Let's Celebrate Pet Birds!
T.J. Lafeber D.V.M.
NetPets®

Remarkable Eyes, Amazing Vision

 

9 FACTS and CARE: EYE and EAR

Remarkable Eyes, Amazing Vision

The list of unusual and remarkable qualities of a bird includes colorful feathering, song, graceful nature, and flying ability; and yet, one of its most stunning attributes is its eyes. The eyes of a bird have reached the state of perfection superior to that of any other animal. This advanced state allows the bird to visually obtain more information about its surroundings than available to any other living thing. The eye collects data about the direction, distance, size, shape, color, three dimensional depth, and motion of an object. Whether this be an enemy or a food source, the bird has an advantage.

Exceptionally Keen Vision
Children attempting to ''sneak up'' on a bird are amazed that even though the bird is facing the opposite direction, their actions are detected and the bird flies away. The incredible range of vision is due to the placement of the eyes on the sides of the head. This fact, coupled with the shape of the cornea, allows for wide-angle vision.   Birds focus straight forward with both eyes, but also see sideways just as effectively. Their peripheral vision, especially related to a moving object, is also keen.

(Photo of Eye)

Birds' eyes may seem small but proportionately are much larger than ours. Note that the only visible portion of a bird's eye is the cornea. The largest part remains hidden. The eyelashes are small feathers-not hairs.

Birds have their vision fixed on you as soon as you enter the room, and you remain constantly under surveillance until you leave. Not that your bird necessarily mistrusts you, but they do have the ability to see you and everyone else present, even if the room is full of people.

You'll probably never be certain exactly what your bird's eyes are watching because their head does not point to the object under observation. And when your bird tilts his head he's just getting a look at you from another angle.

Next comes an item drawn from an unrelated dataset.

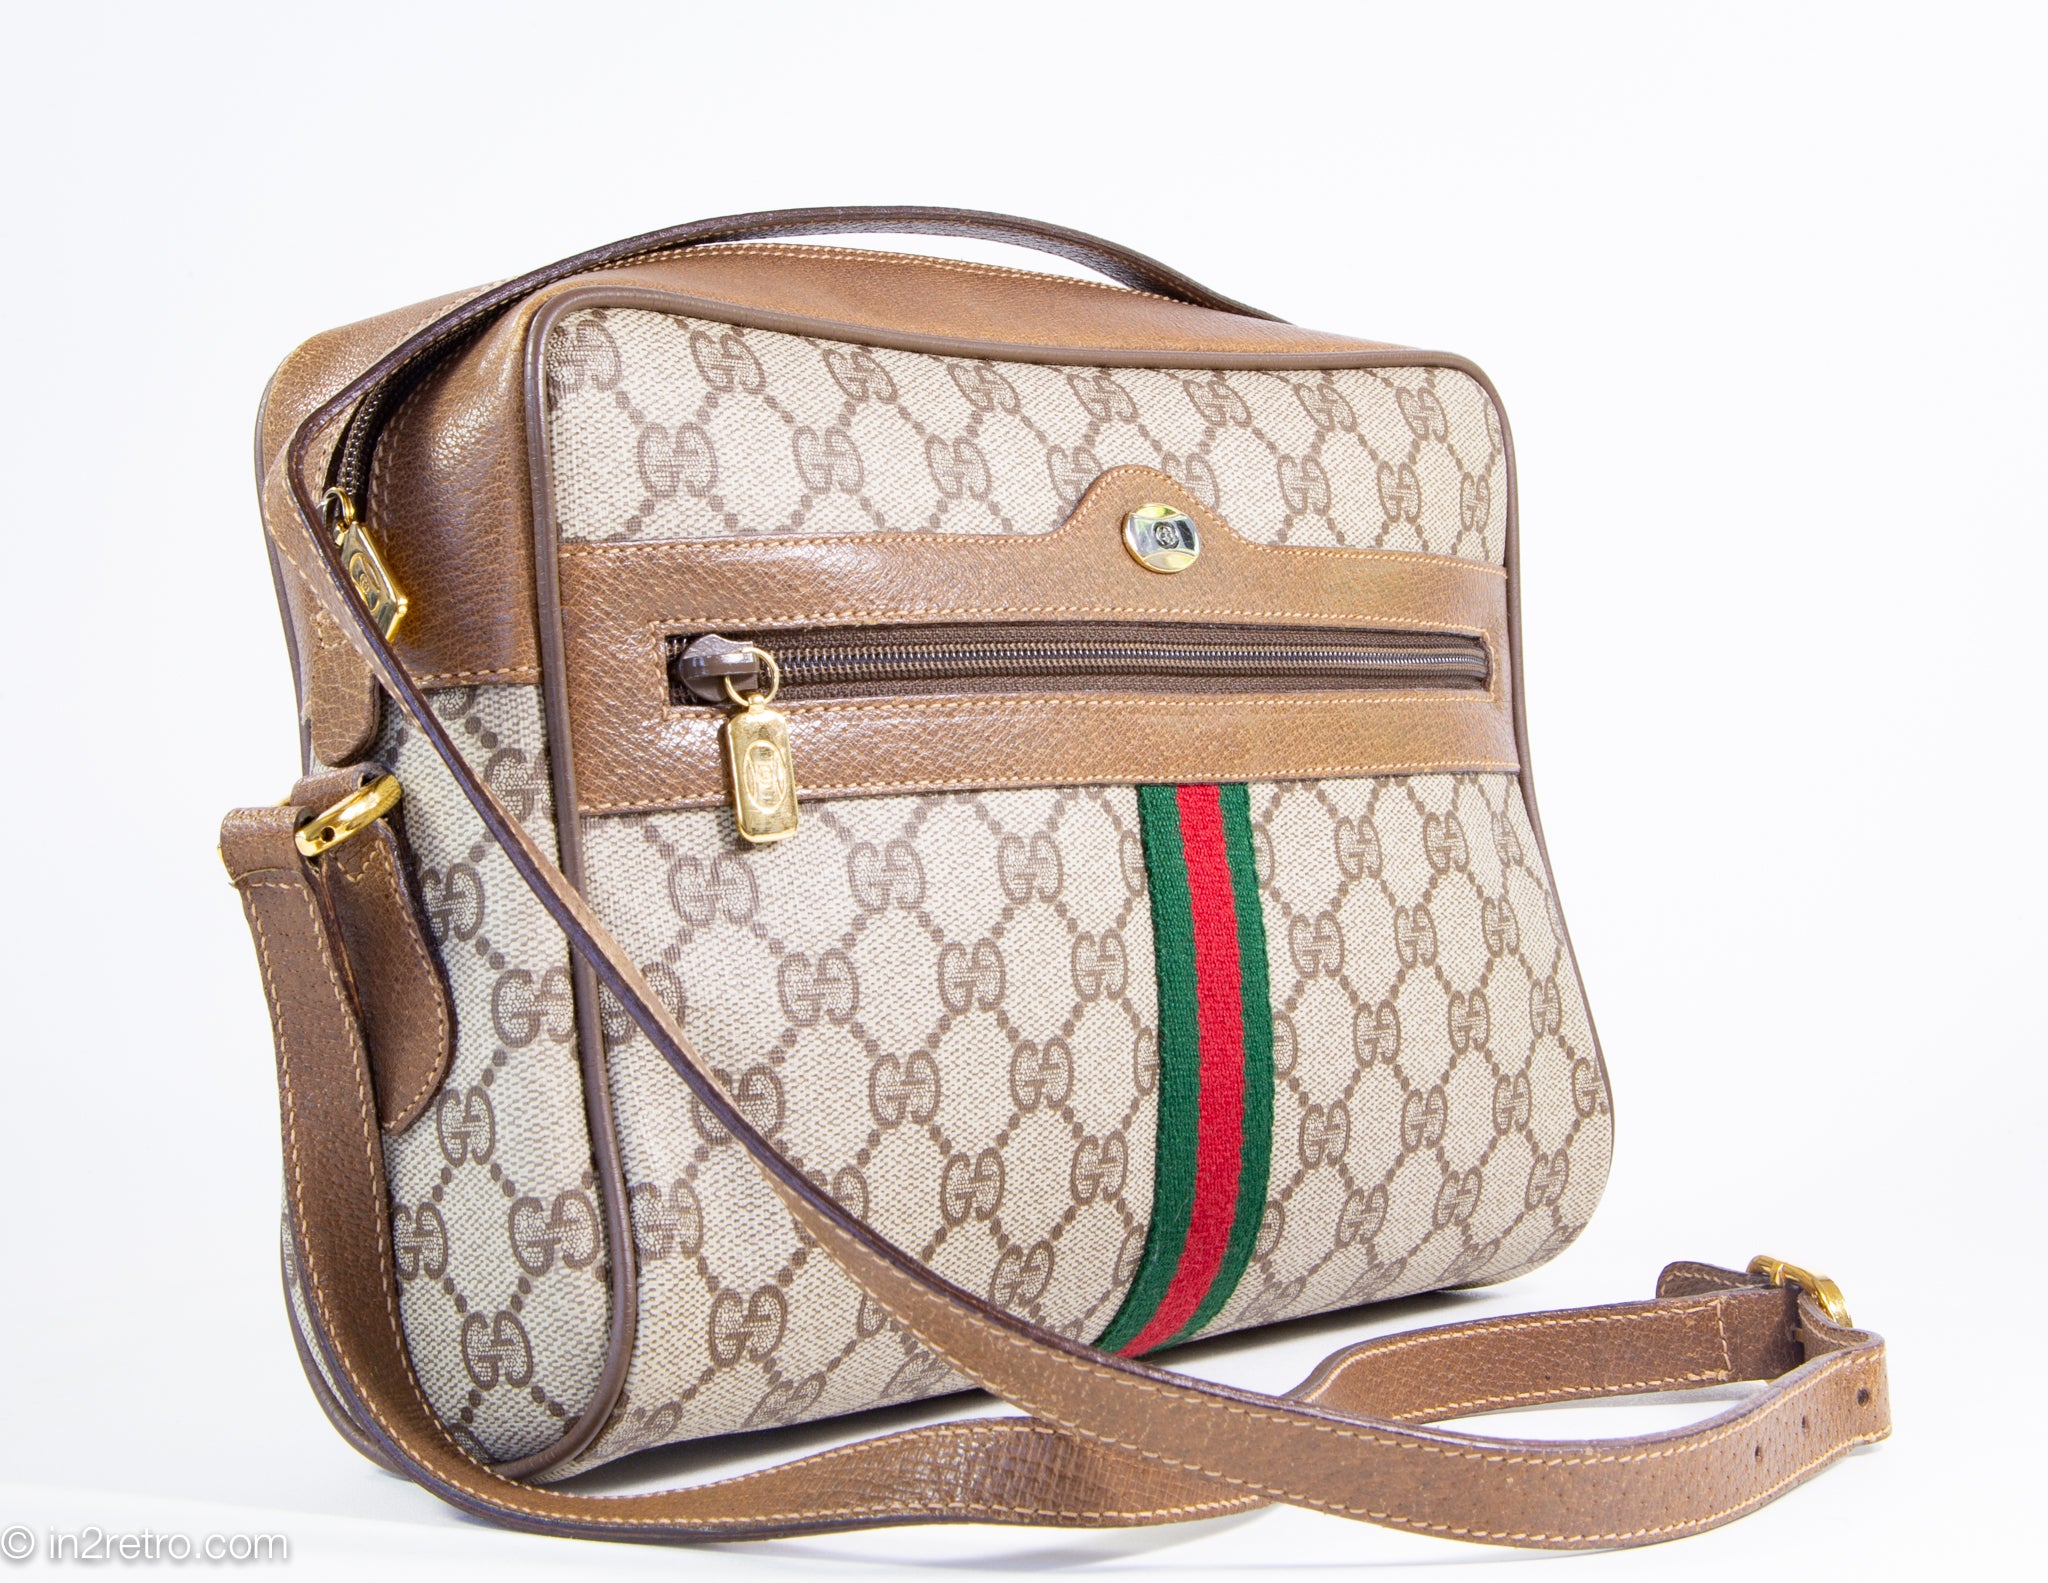 Authentic Gucci messenger crossbody bag

Predatory birds flying hundreds of feet above a field can detect a mouse with an ability unknown in other animals. With an extraordinary scanning and detection system, they can rapidly analyze the content of their field of vision and dive quickly on their prey. A person would take much longer to visually search the same space.

Skillful flight requires sharp eyesight and quick muscle coordination. An important part of flight is the bird's ability to focus rapidly. To avoid hitting branches when flying through trees and bushes or for catching insects in the air, birds have strong powers of near and far focusing.

Your bird has his ''eye on you" when you are within visual range.

Adaptations For Superior Vision
To perform the functions nature has assigned, a large eye is required. For their size, birds have enormous eyes, although the mass stays hidden in the skull. The eyelids open to expose only that small part of the eye (cornea) needed to allow entrance of light. So while the eye externally appears small, the opposite condition exists.

Birds have three eyelids-an outer, upper and lower lid and the third eyelid just inside the others. The third eyelid (membrance nictatans) performs the job of cleaning and moistening the cornea. The inner surface is covered with cells which possess brushlike processes, so that the cornea is painted with tears at every blink. Like a windshield wiper, it cleans the undersurface of the eyelid on the return journey of each sweep. Pet birds blink with their eyelid 30 - 60 times a minute, and usually so swiftly as to be undetected. A large gland under the third eyelid furnishes much of the lubrication for the eye.

The upper and lower lid protects the eye and closes when the bird is sleeping. If the upper and lower lids are closed in a ''sleepy'' fashion, especially in an active environment, it can be a reliable sign of sickness.


In summary, life as a flying animal demands superior vision.

Watching For Eye Problems
Birds' eyes are exceptionally resistant to some of the problems seen in mammals. Local infections, such as conjunctivitis, are unusual, but when troubles do appear, they are much more serious and difficult.

Because birds always want to present themselves as healthy, they face you with their good eye and hide an abnormal one. Thus, an eye infection may be missed until the owner becomes suspicious.

For any eye problem see your veterinarian.